§ Data section:
::::::::

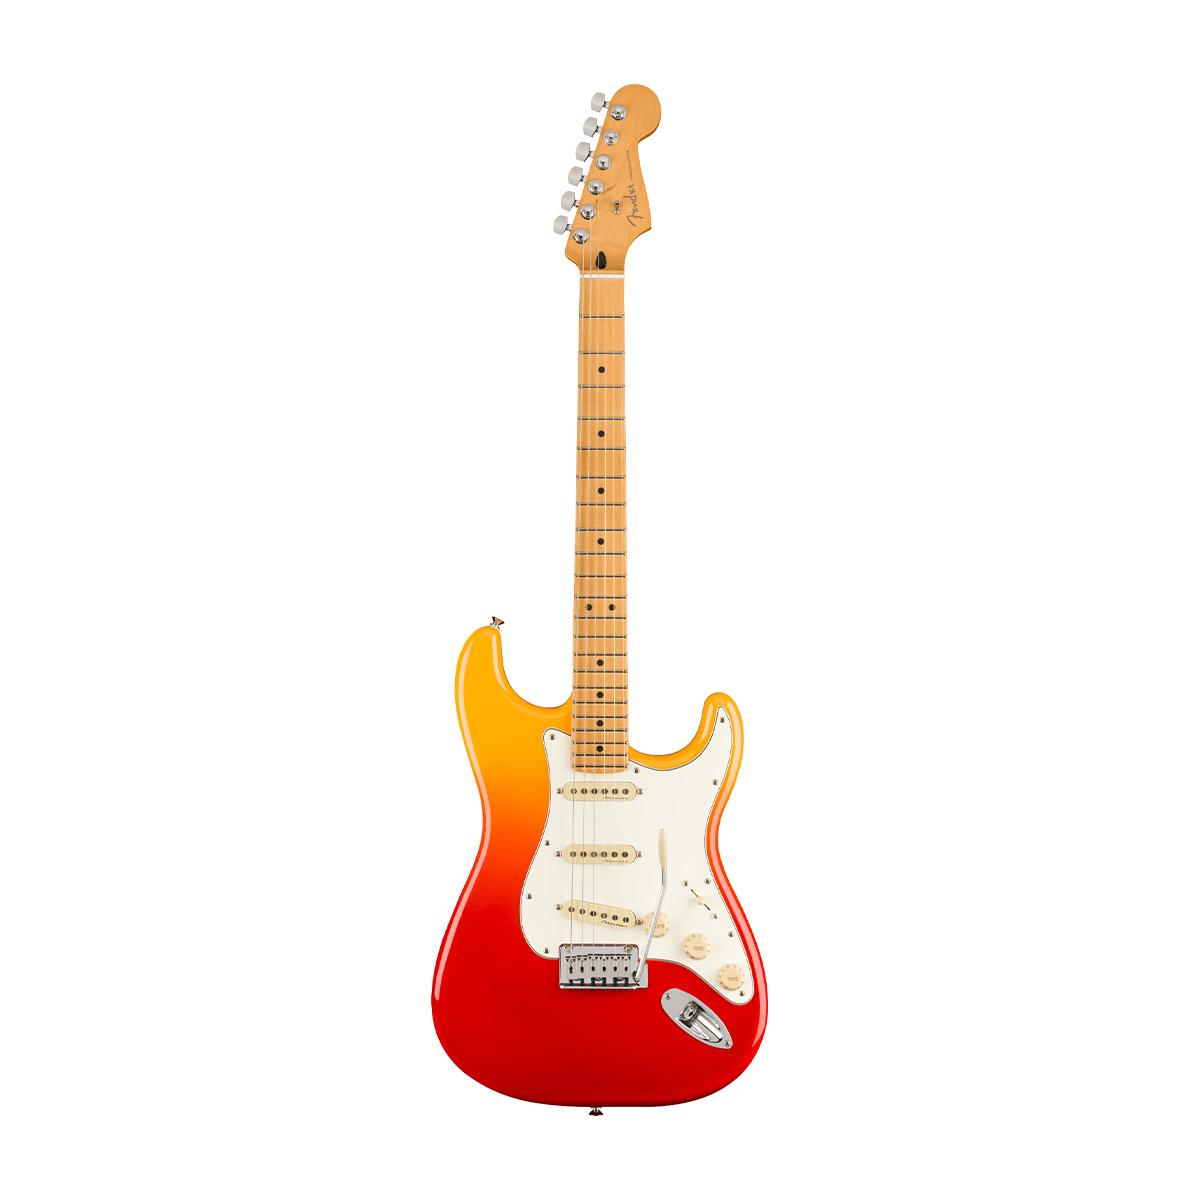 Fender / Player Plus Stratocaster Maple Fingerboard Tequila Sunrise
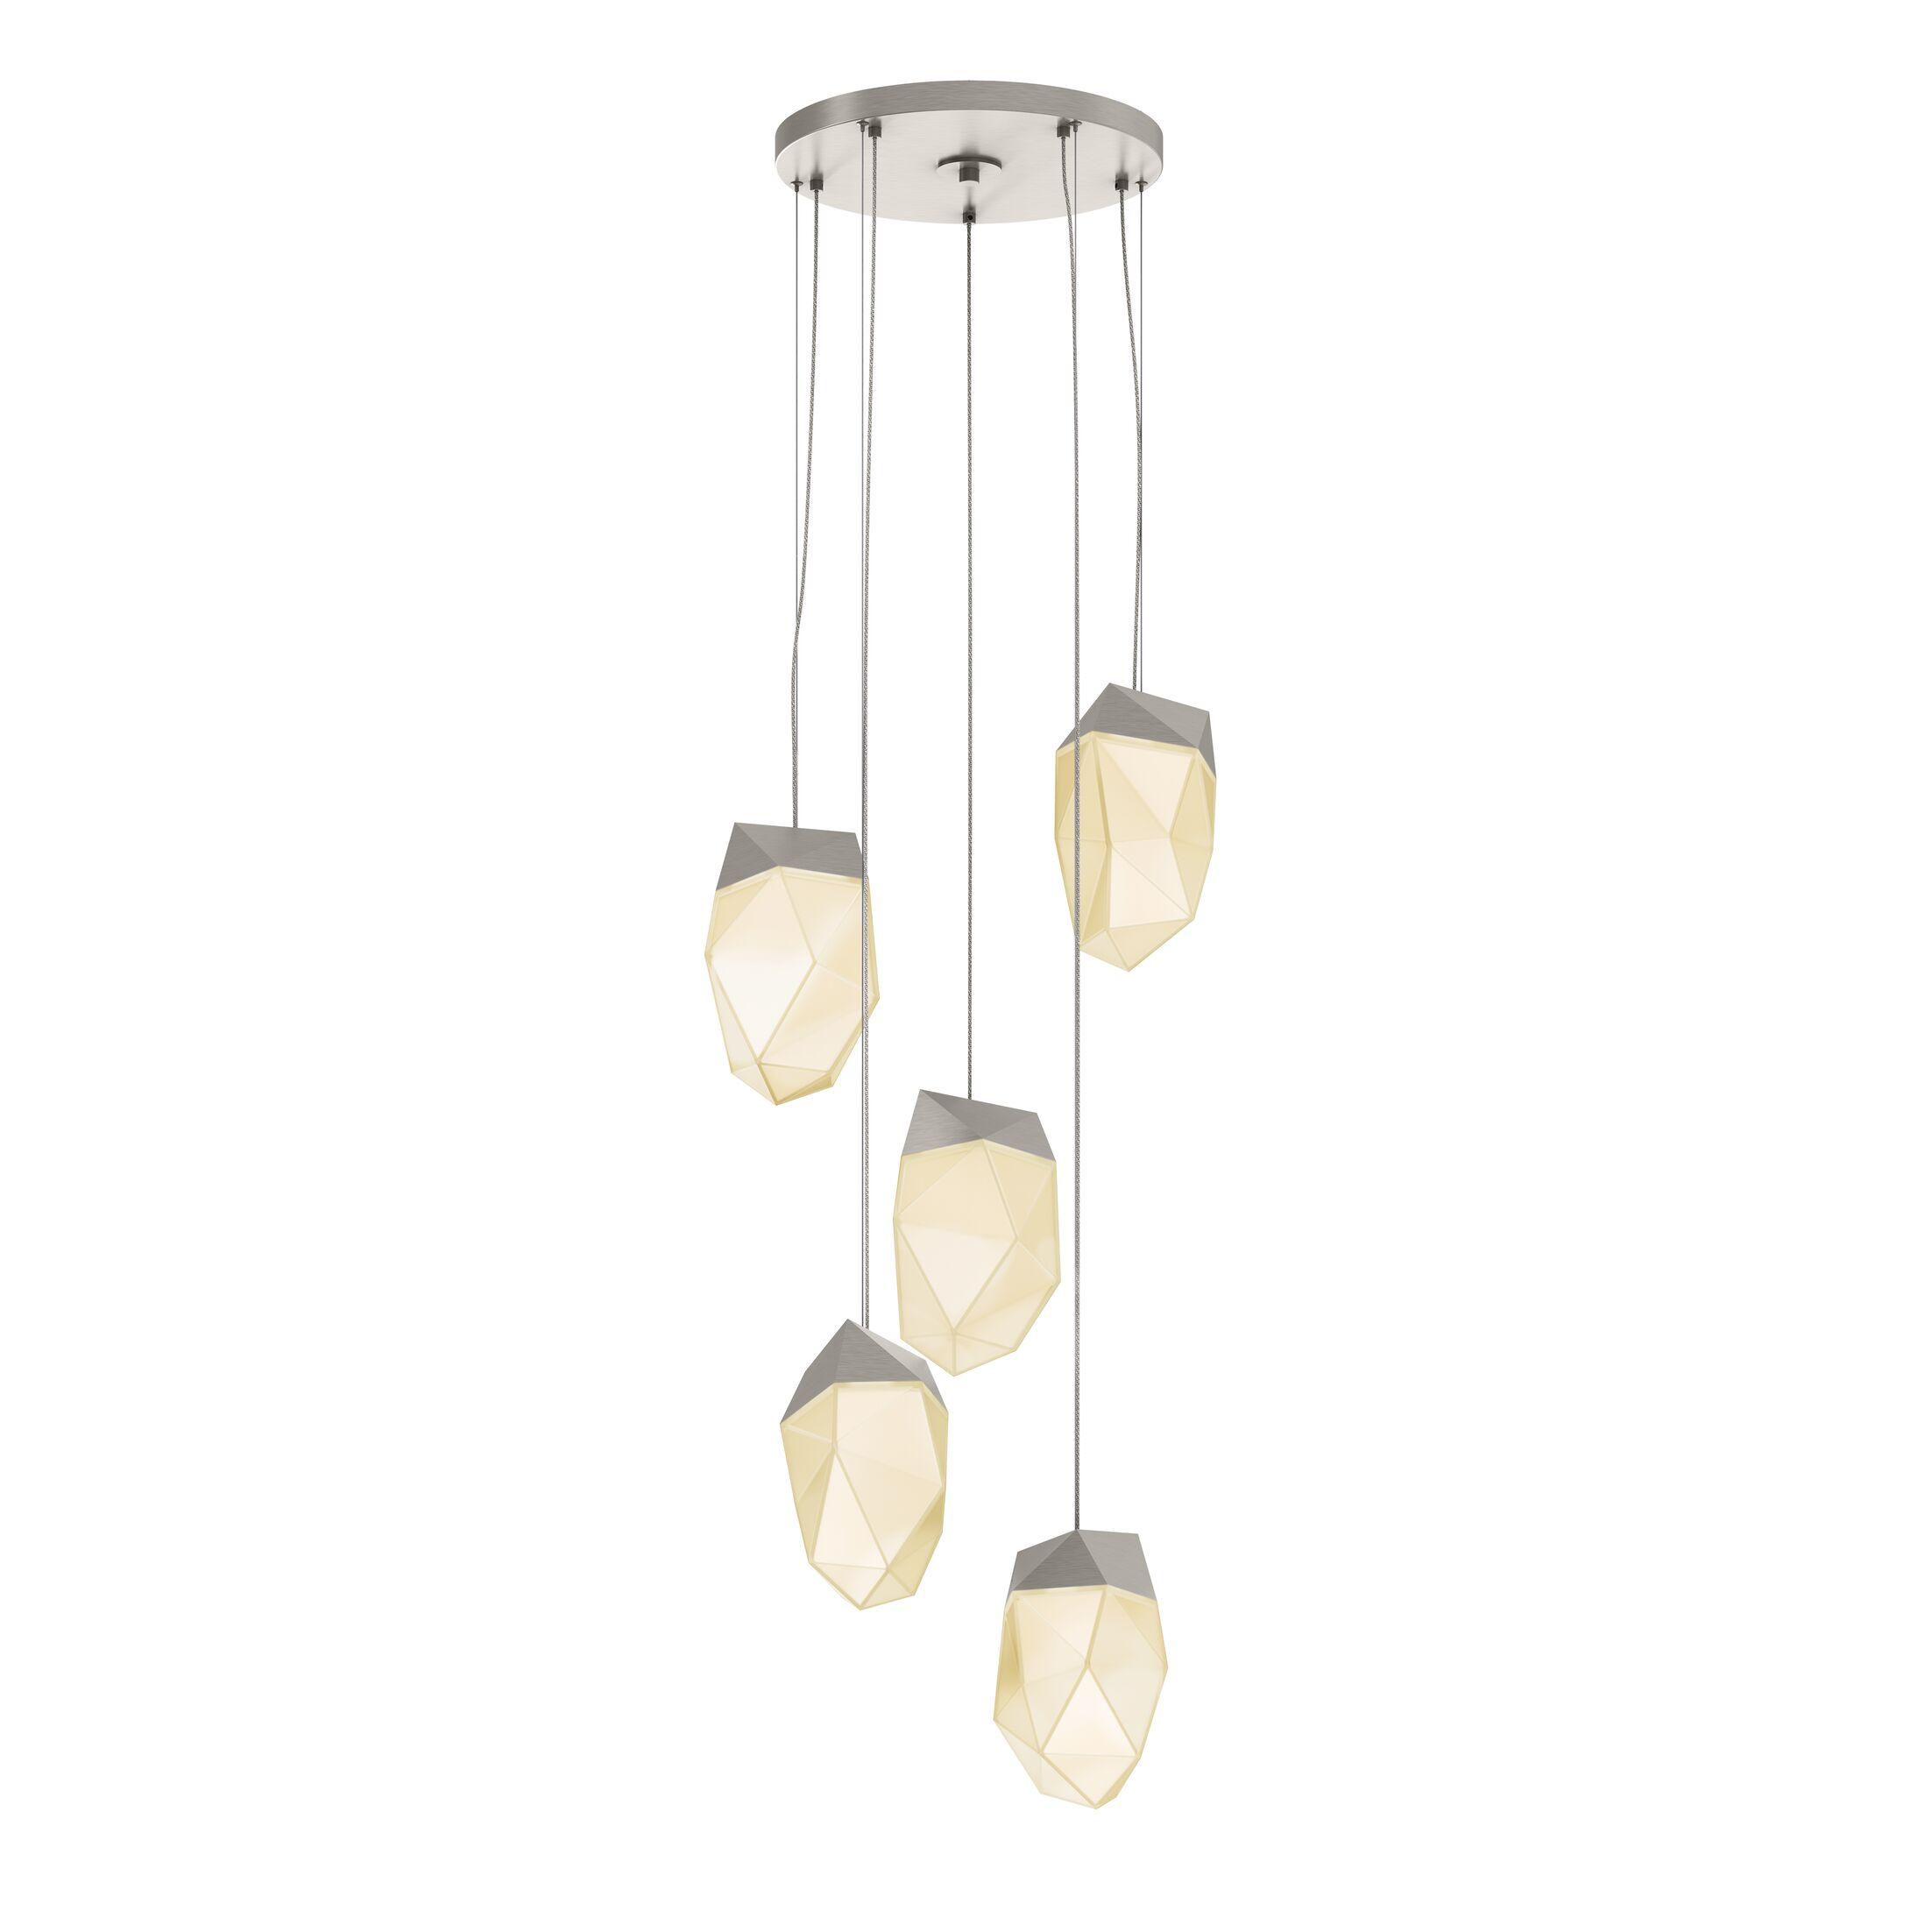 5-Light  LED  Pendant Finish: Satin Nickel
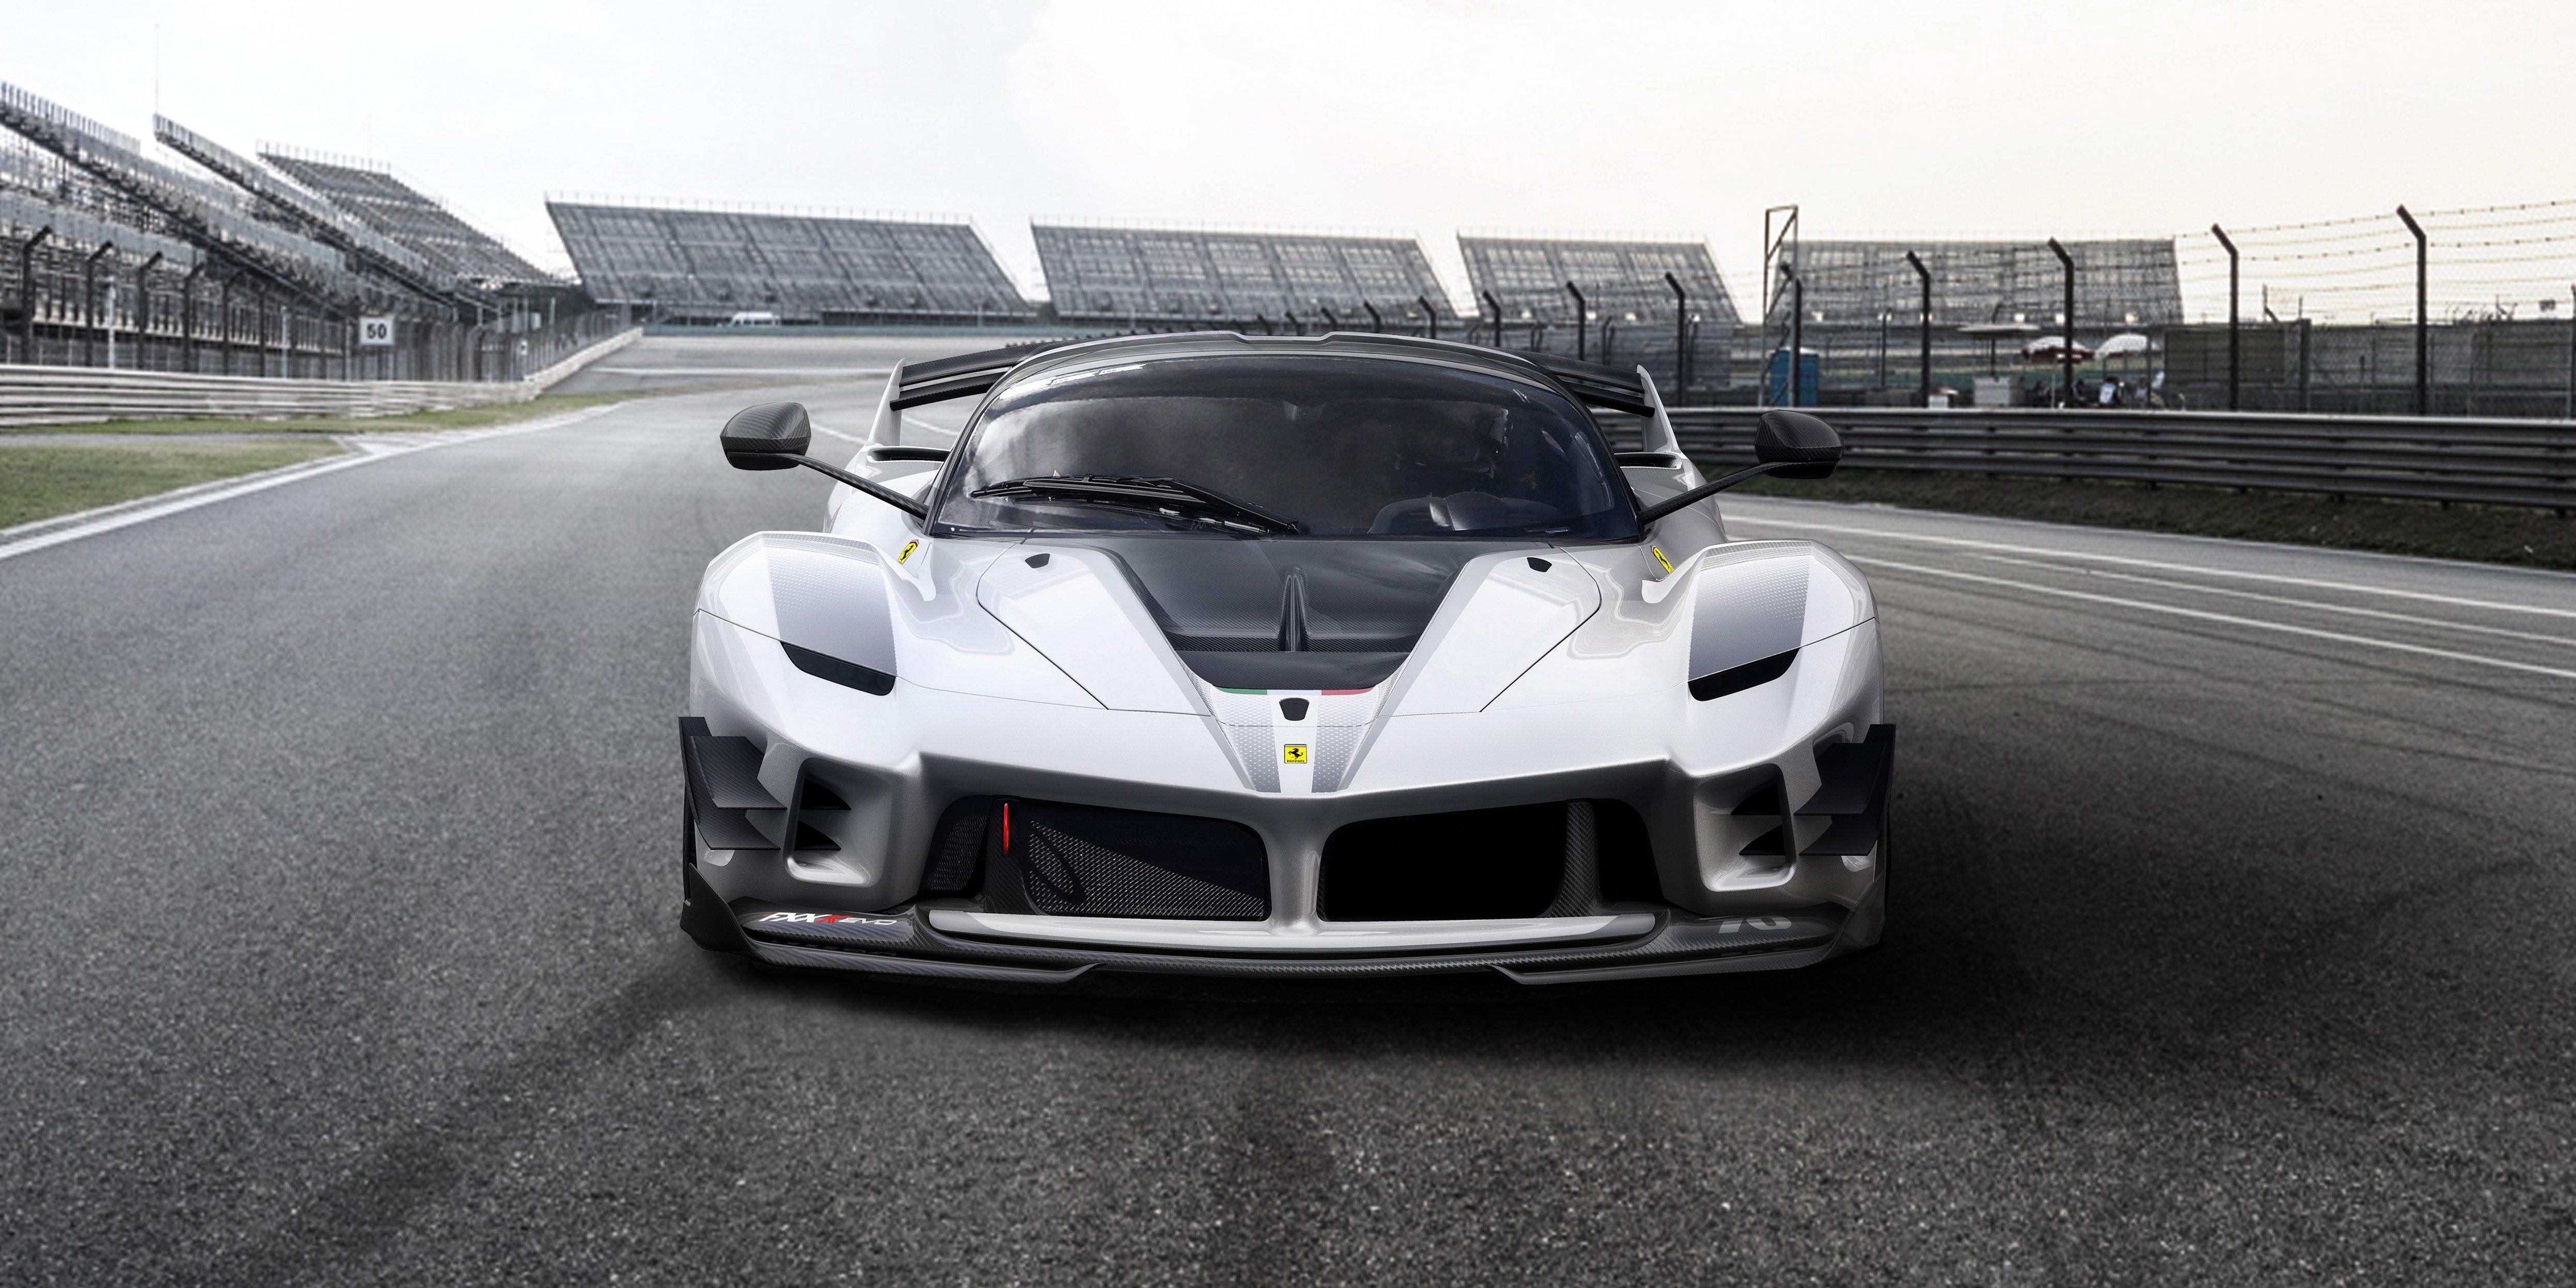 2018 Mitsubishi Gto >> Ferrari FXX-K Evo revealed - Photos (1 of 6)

::::::::

§ What you are asked to do: The data above should be repeated in full and exactly, with no pictures carried over.

§ Expected answer:
 Fender / Player Plus Stratocaster Maple Fingerboard Tequila Sunrise
 5-Light  LED  Pendant Finish: Satin Nickel
 2018 Mitsubishi Gto >> Ferrari FXX-K Evo revealed - Photos (1 of 6)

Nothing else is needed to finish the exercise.